Who says koftas can only be made with paneer or mixed vegetables? While carrots and other vegetables are commonly used in koftas, I decided to experiment with kache kele (raw banana/vazhakkai), and the result was absolutely delicious!
I prepared soft and flavourful raw banana koftas and simmered them in a rich, spicy Hyderabadi-style gravy. The dish turned out so good that my husband couldn't stop asking, "Which restaurant did you order this from?" 😊
If you're looking for a unique vegetarian curry that tastes restaurant-style, this recipe is definitely worth trying.
Ingredients Required
For the Koftas
- 2 bread slices, blended into breadcrumbs
- 1 raw banana, peeled, boiled and mashed
- 1 teaspoon ginger-garlic paste
- 1 teaspoon green chillies, finely chopped
- 1 teaspoon crushed cumin seeds (jeera)
- 1 teaspoon crushed peppercorns
- 1 teaspoon red chilli powder
- A pinch of asafoetida (hing)
- Salt, to taste
- 2 teaspoons chopped coriander leaves
- Oil, for deep frying
For the Gravy
- 1 cup finely chopped onions, deep-fried and blended into a smooth brown paste
- 4 teaspoons oil
- 1 bay leaf
- 2 green cardamom pods
- 2-inch cinnamon stick
- 2–3 cloves
- 1 teaspoon peppercorns
- 1 teaspoon fennel seeds (saunf)
- 2–3 green chillies, slit
- 1 handful mint leaves
- ½ cup curd (yogurt)
- 1 teaspoon red chilli powder
- 1 teaspoon ginger-garlic paste
- 1 teaspoon coriander powder
- 1 teaspoon garam masala
- A pinch of turmeric powder
- Salt, to taste
- Wheat dough (aata), for sealing the vessel
- Chopped coriander leaves, for garnish
Method
Preparing the Koftas
- In a mixing bowl, combine the mashed raw banana, breadcrumbs, ginger-garlic paste, chopped green chillies, crushed cumin, crushed peppercorns, red chilli powder, hing, salt, and coriander leaves.
- Mix everything well and shape the mixture into small balls.

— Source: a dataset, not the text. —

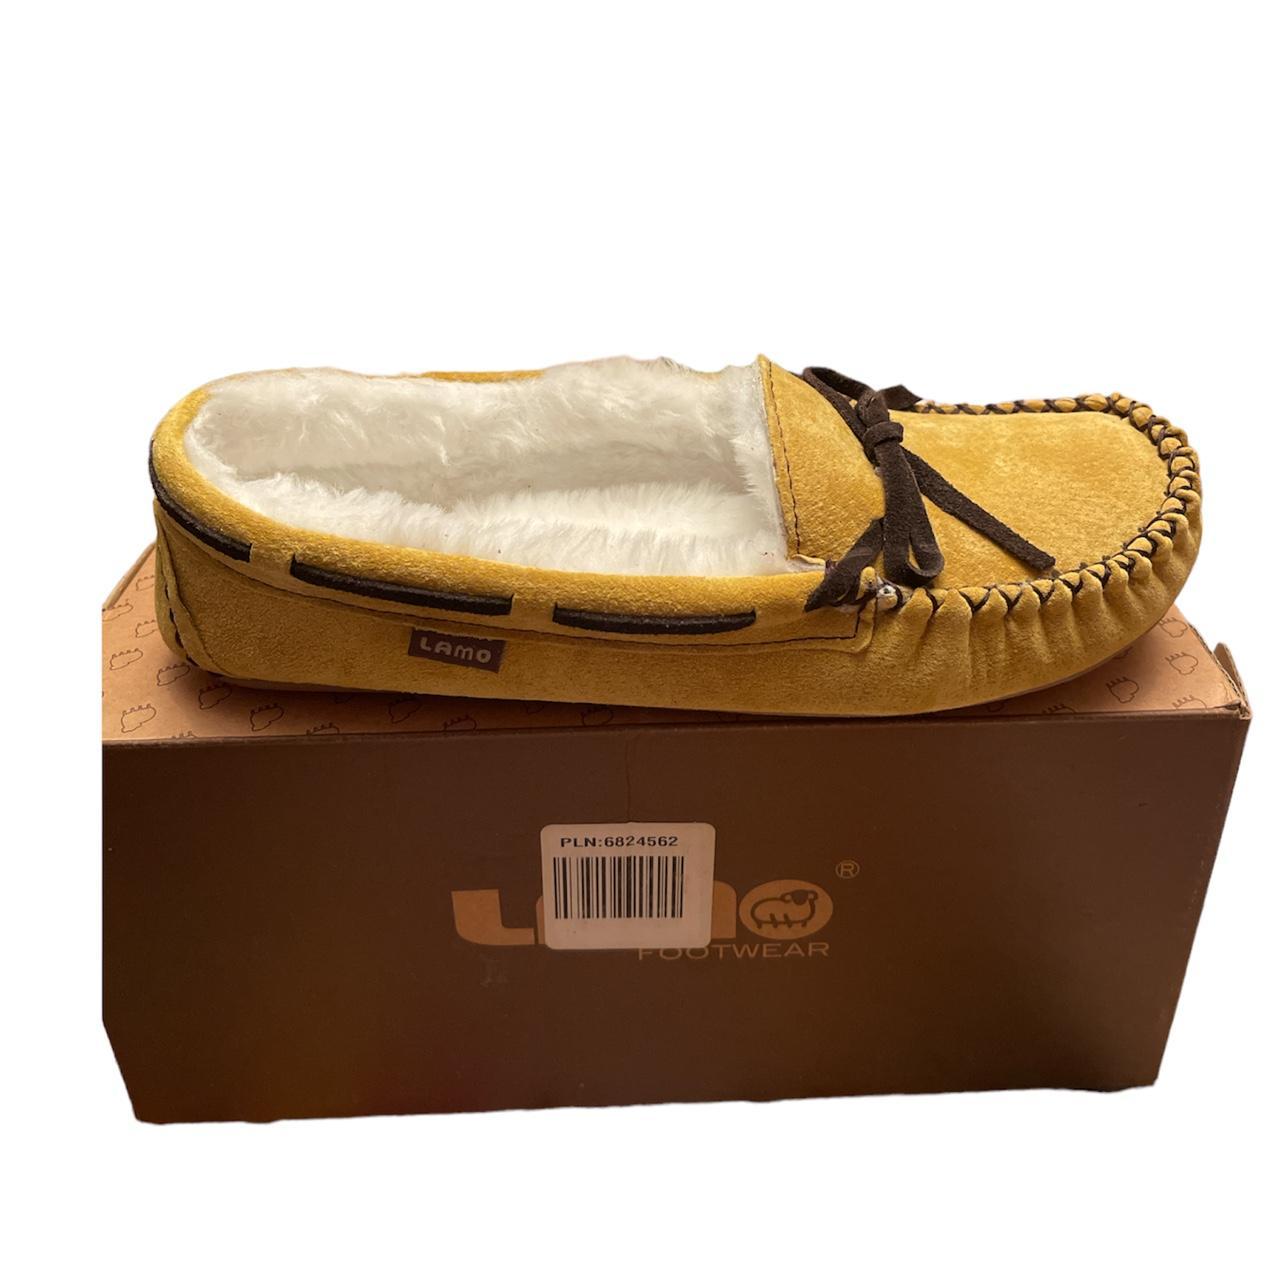 Lamo Women's Yellow and White Slippers (3)

- Deep fry the koftas until golden brown. Alternatively, you can bake or air-fry them for a healthier option.
- Keep the prepared koftas aside.
Preparing the Gravy
- Heat oil in a heavy-bottomed vessel.
- Add the bay leaf, cinnamon, cloves, cardamom, peppercorns, and fennel seeds. Sauté until fragrant.
- Add the mint leaves and slit green chillies. Cook for a minute.
- Stir in the brown onion paste and sauté well.
- Add the ginger-garlic paste, red chilli powder, coriander powder, turmeric powder, garam masala, and salt. Cook for 2–3 minutes.
- Lower the flame and whisk in the curd gradually, stirring continuously to prevent curdling.
- Cook the gravy until the oil begins to separate from the masala.
Dum Cooking
- Gently place the prepared koftas into the gravy.
- Cover the vessel with a lid and seal the edges using wheat dough (aata).
- Cook on a low flame for about 10 minutes to allow the koftas to absorb the rich flavours of the gravy.
- Garnish with freshly chopped coriander leaves.
Serve hot with naan, roti, paratha, jeera rice, or steamed rice.
This restaurant-style Kache Kele Ki Kofta Curry is a delightful way to transform simple raw bananas into a rich and indulgent meal that your family will love.